Okay, so at first I thought it was just a little phase she was going through and could laugh about it. Now, I'm becoming so frustrated with her and I feel bad for being so impatient about it.

About three months ago, my 4 year old daughter suddenly became obsessed with breasts. She has recently become very self aware of her own girl parts, my breasts, and birth in general (since I'm pregnant and we're very open about birth here and how it all works) I had let her watch a couple of nice homebirth videos (one of them was the birth of her sister) and she was really into it all. There weren't any boob shots, but she got the whole "baby comes out of the vagina" part of it.

Anyway, the boob thing.... she is CONSTANTLY wanting to touch my breasts, feel them, and once in awhile give them a little kiss (with my shirt on) while we're snuggling in the chair or wherever. I cannot take a nap without her seeing the opportunity to come up on the bed with me and cop a feel. If I just laid there, she would stay there for a long time just feeling them and squishing them or whatever. Seriously, she knows all about breasts and that mommy will be using them to feed the new baby (I breastfed her for 2 1/2 years and her sister for almost 2 years so this is not new to her) etc. She just wants to feel them, and I am not a prude but it is annoying and uncomfortable to say the least.

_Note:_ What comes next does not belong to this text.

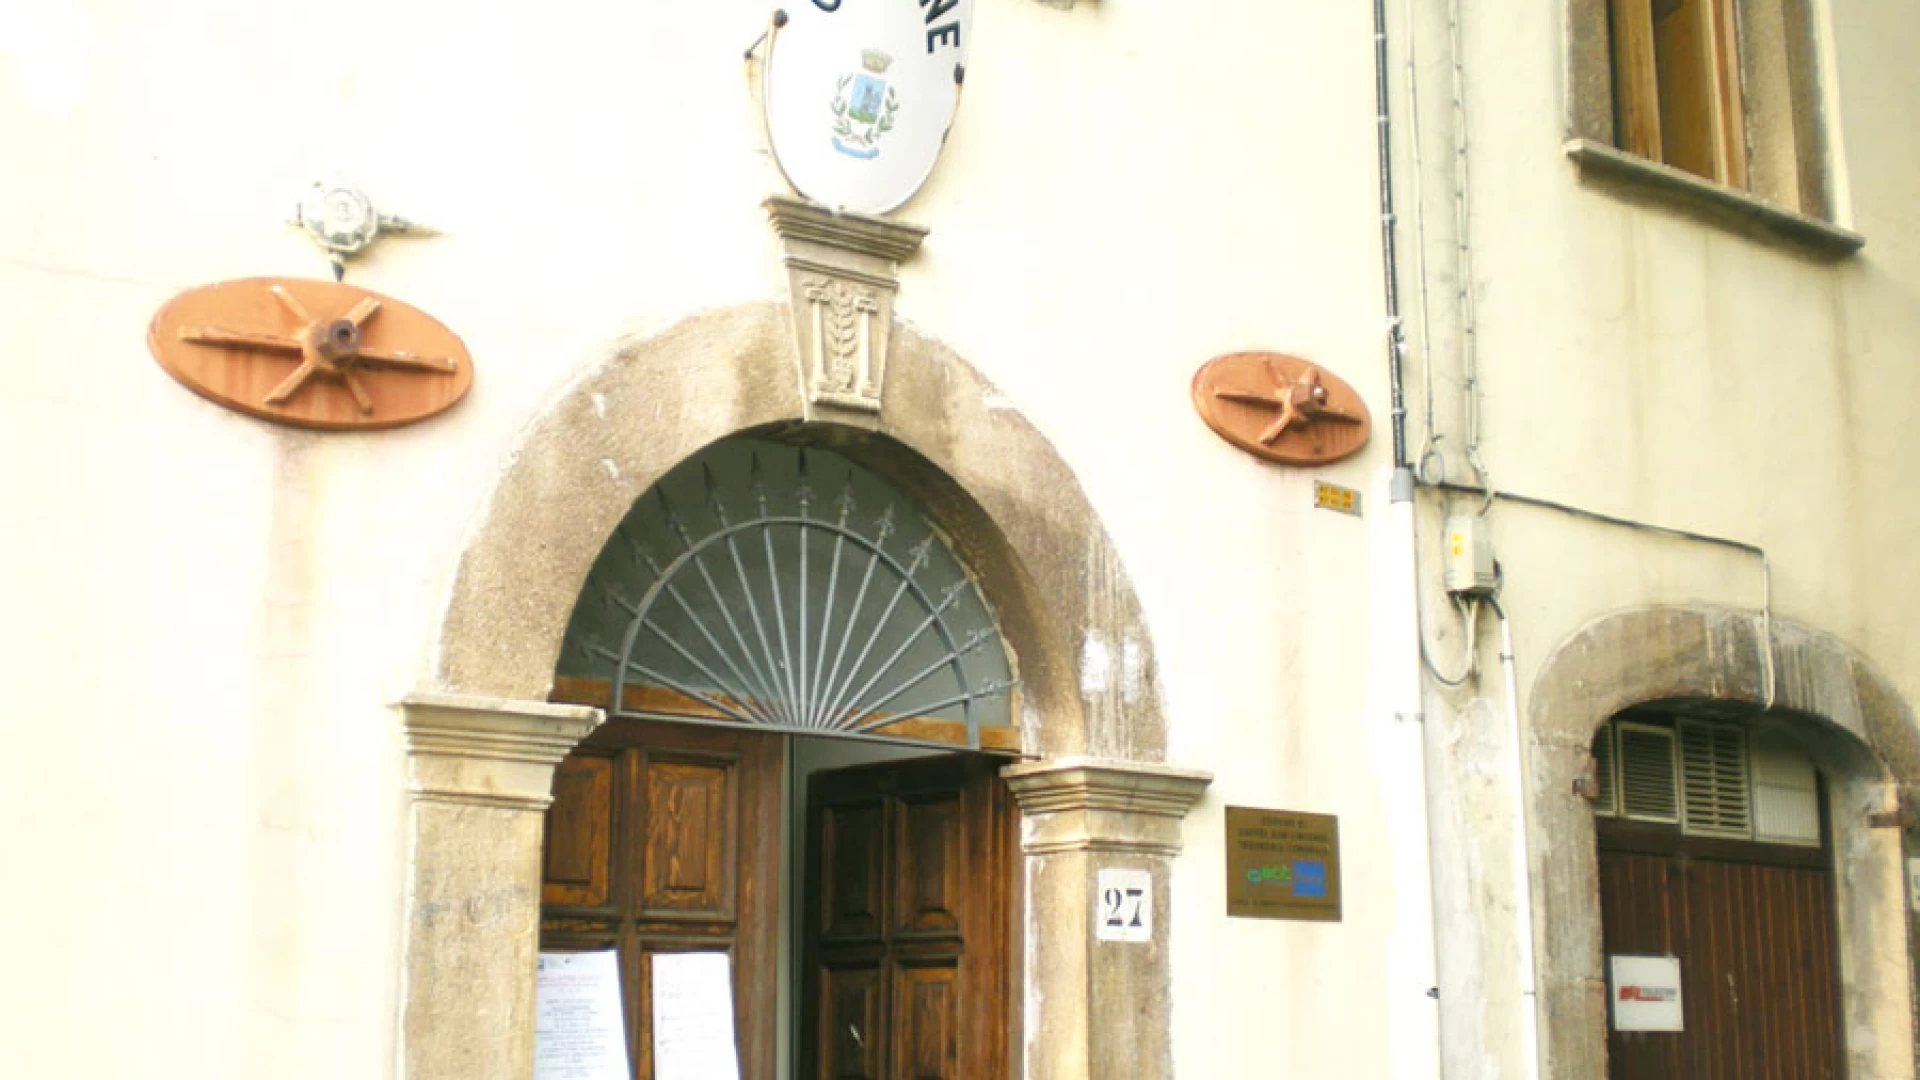 Castel San Vincenzo: assenza dei parametri anticontagio, il gruppo consiliare di minoranza abbandona l'assise. La nota di Orgoglio per Castel San Vincenzo

I have explained that they are "My boobies" and that it makes me feel uncomfortable when she tries to touch them without my permission. I ask her nicely not to touch them, and I've gotten to the point where I'm just so frustrated that I have to actually get upset with her and even then she just laughs or gets mad about it.

This has been going on for about 2 or 3 months now. Anyone else ever gone through this? What did you do? I know she's just curious, but sheesh, I've only got 10 more weeks until the baby arrives and I want my breasts to be MINE until then!


----------



## Ivan's Mom (Jul 10, 2006)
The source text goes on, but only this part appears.